No explicit TTL is required for counters, because period start is embedded in the key. When period changes, a new key is used.

Cost source resolution

cost_key determines where cost is read from:

fixed
header:<name>
query:<name>

If missing/invalid/non-positive, default_cost is used.

Practical pattern:

start with fixed_cost: 1
migrate to weighted pricing using header:x-request-cost

Staged actions

staged_actions is a sorted threshold table.
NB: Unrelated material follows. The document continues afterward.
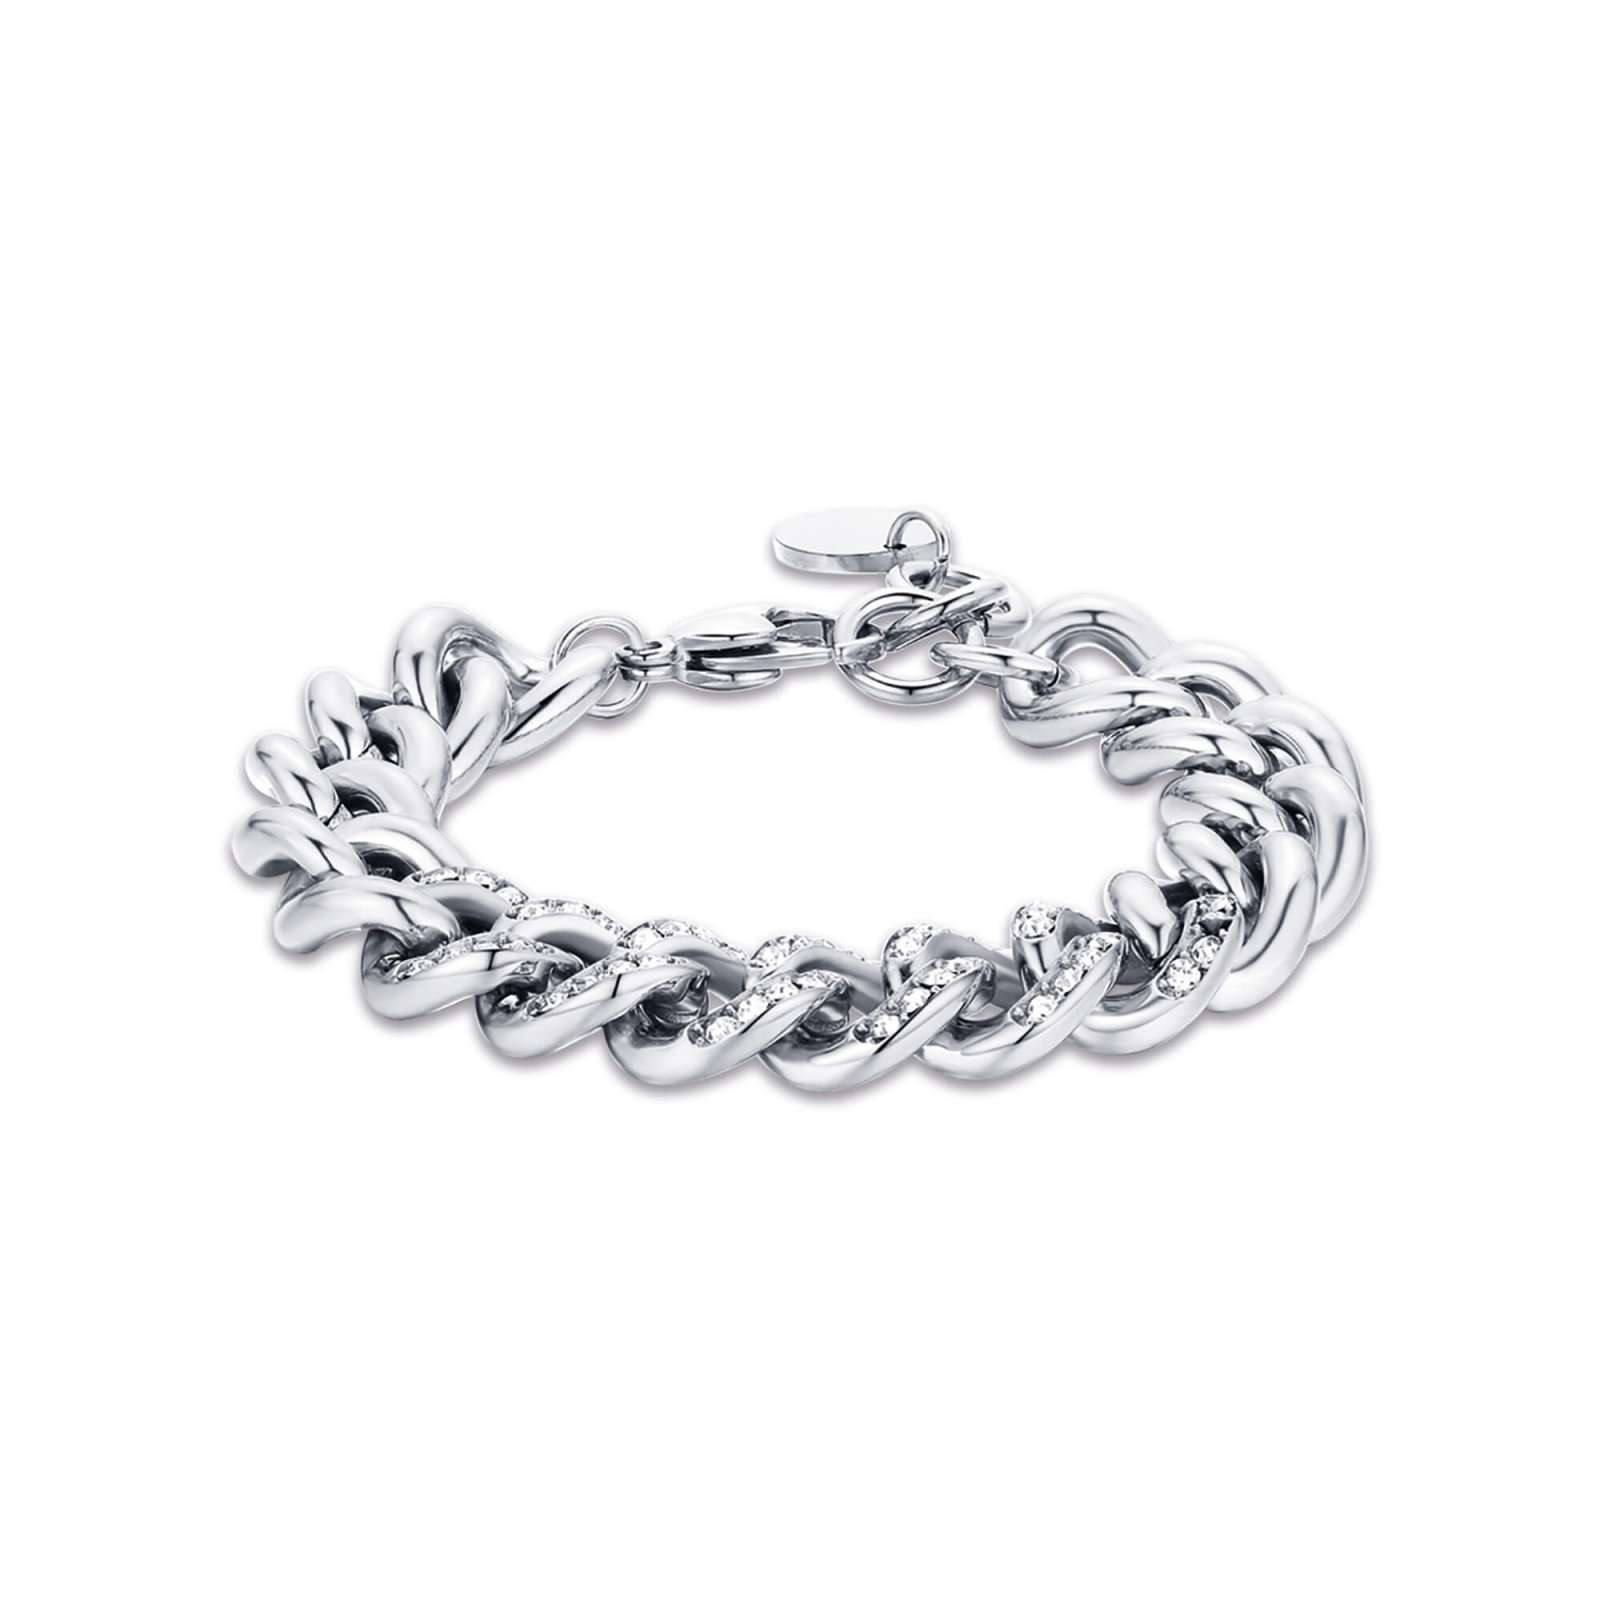 Luca Barra - Bracciale in acciaio con cristalli bianchi
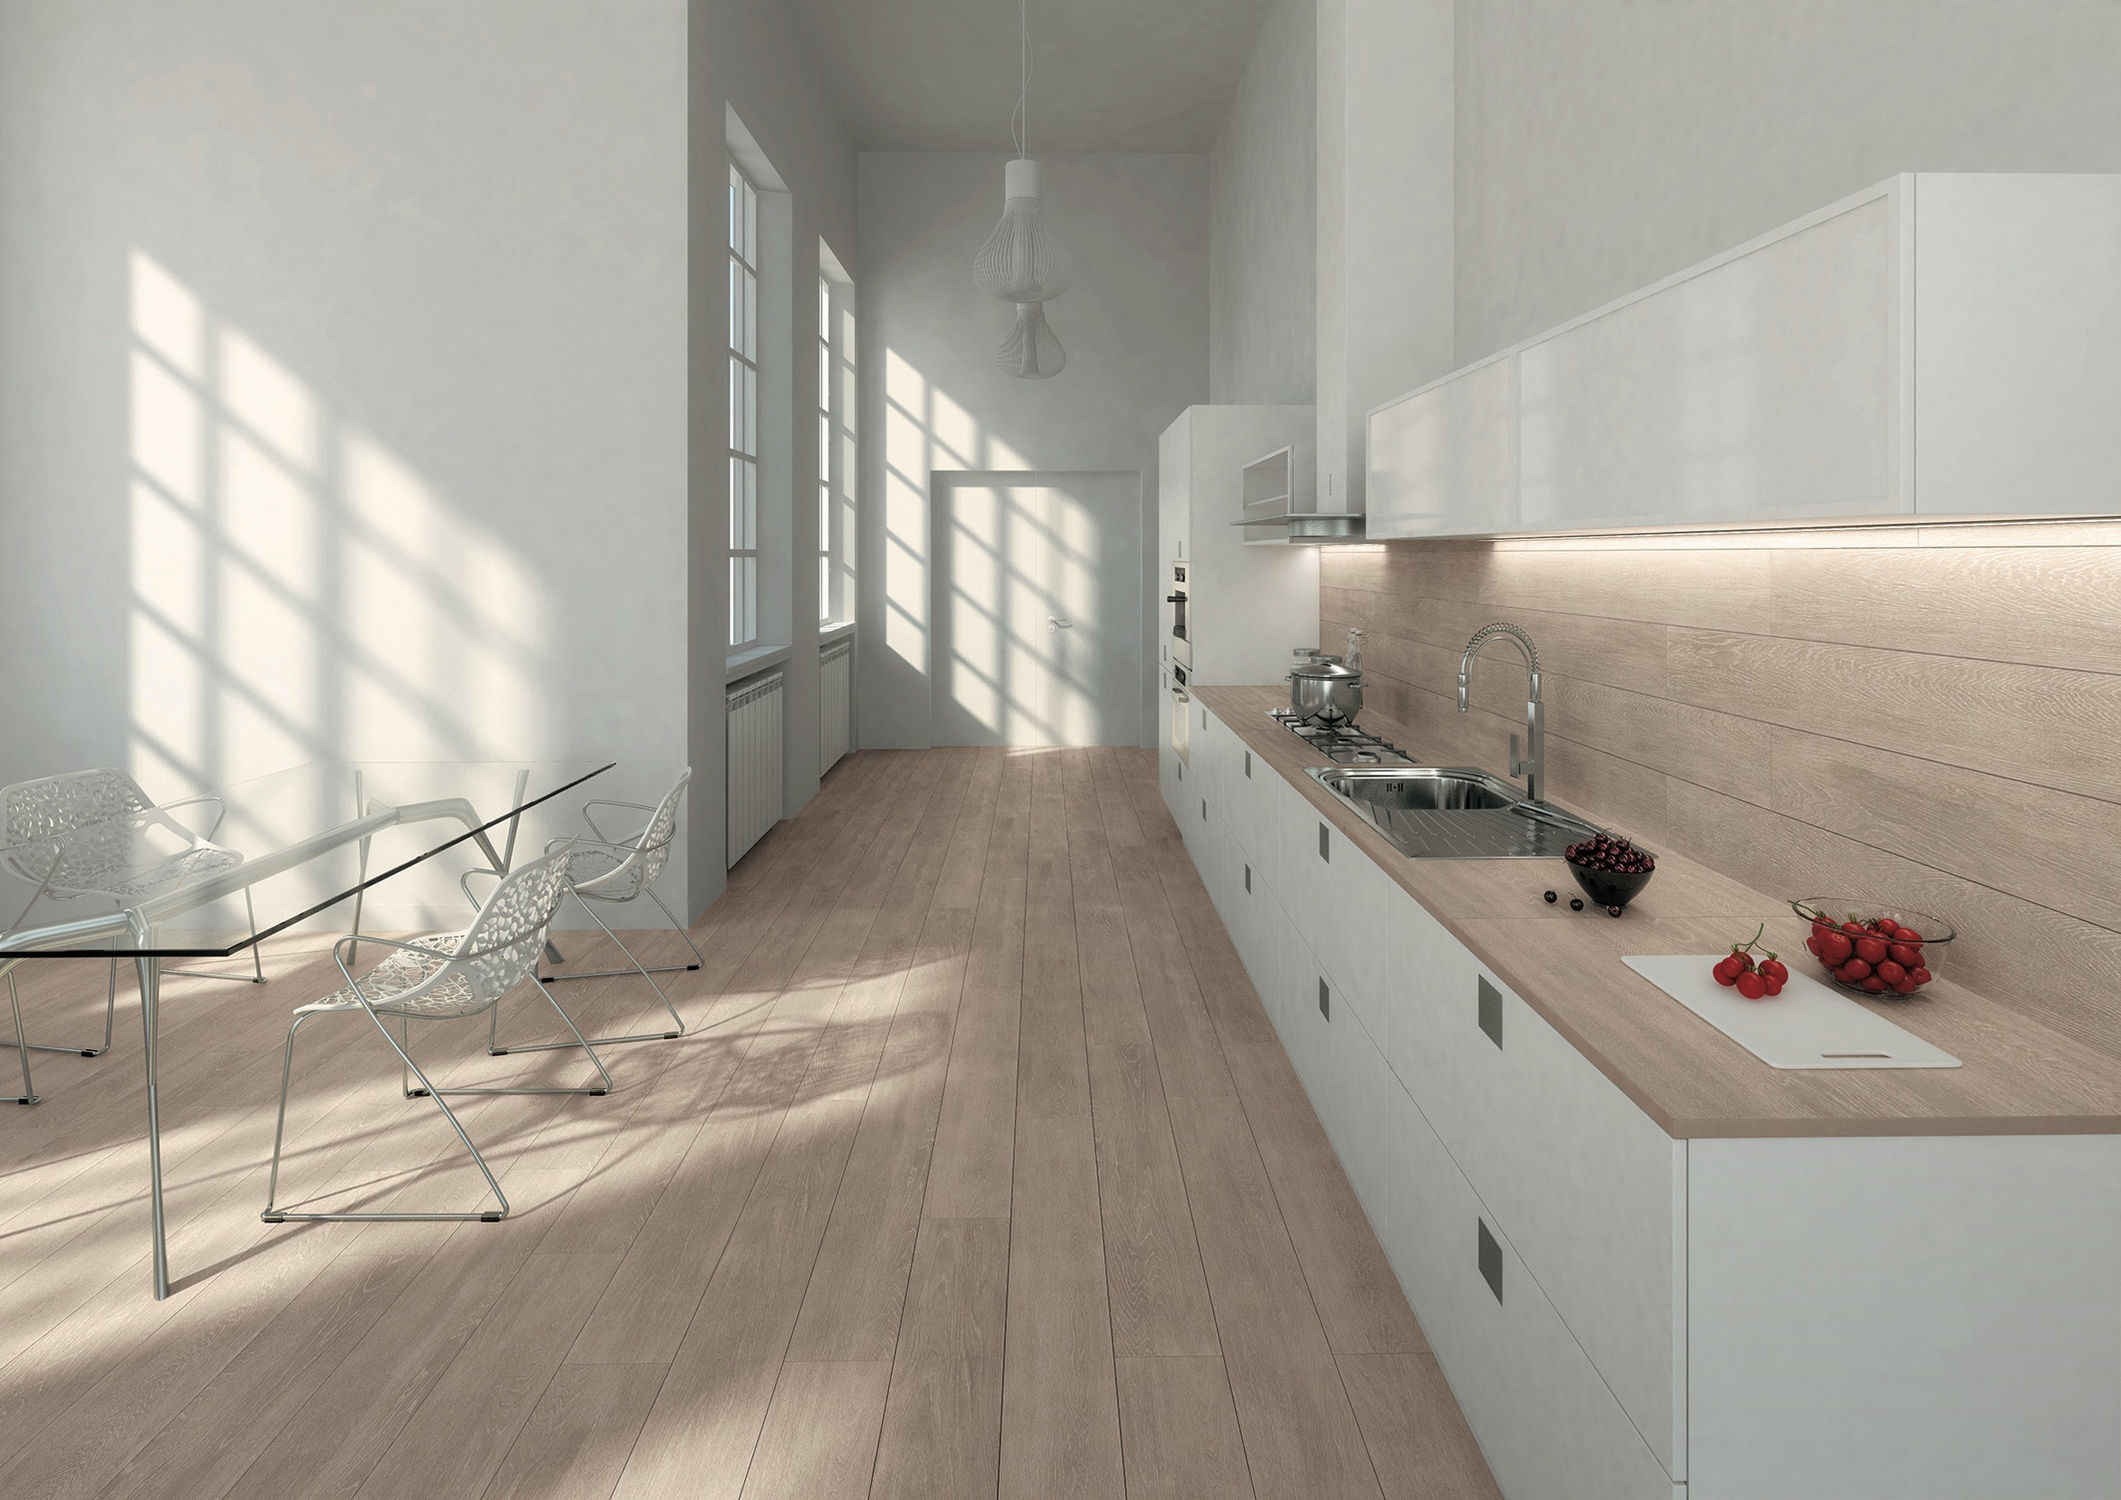 Pavimento Bianco Grigio : Adesivo per piastrelle adekoll as extra flex grigio a bancale

The active stage is the highest threshold reached by current usage.

Example:

"staged_actions": [
  { "threshold_percent": 80, "action": "warn" },
  { "threshold_percent": 95, "action": "throttle", "delay_ms": 500 },
  { "threshold_percent": 100, "action": "reject" }
]

Action semantics:

warn: request allowed, warning marker is set
throttle: request delayed by delay_ms, then allowed
reject: request denied with budget_exceeded

Important runtime nuance:

config must contain reject at 100%
a reject threshold below 100% is not used while still under budget
true rejection happens only when usage goes over budget

Rejection and rollback

When the increment makes usage exceed budget:

Fairvisor performs compensating dict:incr(..., -cost)
rejected request is not counted as consumed budget
response reason is budget_exceeded

This keeps accounting aligned with accepted traffic.

State format

Keys are stored in ngx.shared.fairvisor_counters:

cb:{rule_name}:{composite_limit_key}:{period_start_epoch}

Example:

cb:daily-budget:org-abc:1761177600

Configuration

{
  "algorithm": "cost_based",
  "algorithm_config": {
    "budget": 1000,
    "period": "5m",
    "cost_key": "header:x-cost-units",
    "fixed_cost": 1,
    "default_cost": 1,
    "staged_actions": [
      { "threshold_percent": 80, "action": "warn" },
      { "threshold_percent": 95, "action": "throttle", "delay_ms": 500 },
      { "threshold_percent": 100, "action": "reject" }
    ]
  }
}

Field	Required	Default	Validation
`budget`	yes	-	positive number
`period`	yes	-	one of `5m`, `1h`, `1d`, `7d`
`cost_key`	no	`fixed`	`fixed`, `header:<name>`, `query:<name>`
`fixed_cost`	no	`1`	positive (used for `fixed`)
`default_cost`	no	`1`	positive
`staged_actions`	yes	-	non-empty, strictly ascending thresholds, must include `reject@100`

staged_actions[] fields:

Field	Required	Validation
`threshold_percent`	yes	number in `[0, 100]`
`action`	yes	`warn`, `throttle`, `reject`
`delay_ms`	conditional	required and `> 0` for `throttle`

Response headers

On allowed requests (in enforce mode):

RateLimit-Limit: 1000
RateLimit-Remaining: 753
RateLimit-Reset: <seconds until period end>

On rejection:

HTTP 429 Too Many Requests
Retry-After: <seconds until next period start>
RateLimit-Limit: 1000
RateLimit-Remaining: 0
X-Fairvisor-Reason: budget_exceeded

Retry-After is ceil(next_period_start - now), minimum 1 second.

Failure behavior

If shared dict increment fails (for example dict pressure), algorithm fails open:

request is allowed
error detail is returned to caller path for logging/metrics
traffic is not blocked due to storage failure

Tuning

Choose budget from real commercial quota (not synthetic RPS)
Start with one warning stage (70-85%) and one throttle stage (90-97%)
Keep throttle delay modest; runtime caps throttle sleep at 30s anyway
Always keep a hard reject at 100%
Use fixed cost first, then move to weighted cost once producers can send trustworthy cost headers

Example

{
  "name": "org-daily-spend",
  "limit_keys": ["jwt:org_id"],
  "algorithm": "cost_based",
  "algorithm_config": {
    "budget": 500,
    "period": "5m",
    "cost_key": "header:x-request-cost",
    "default_cost": 1,
    "staged_actions": [
      { "threshold_percent": 80, "action": "warn" },
      { "threshold_percent": 95, "action": "throttle", "delay_ms": 200 },
      { "threshold_percent": 100, "action": "reject" }
    ]
  }
}

Combine with other controls

Typical production stack:

token_bucket for short-term burst control
cost_based for period quota
token_bucket_llm for token economics on LLM endpoints

All matched rules must pass, so you can enforce both real-time and period constraints together.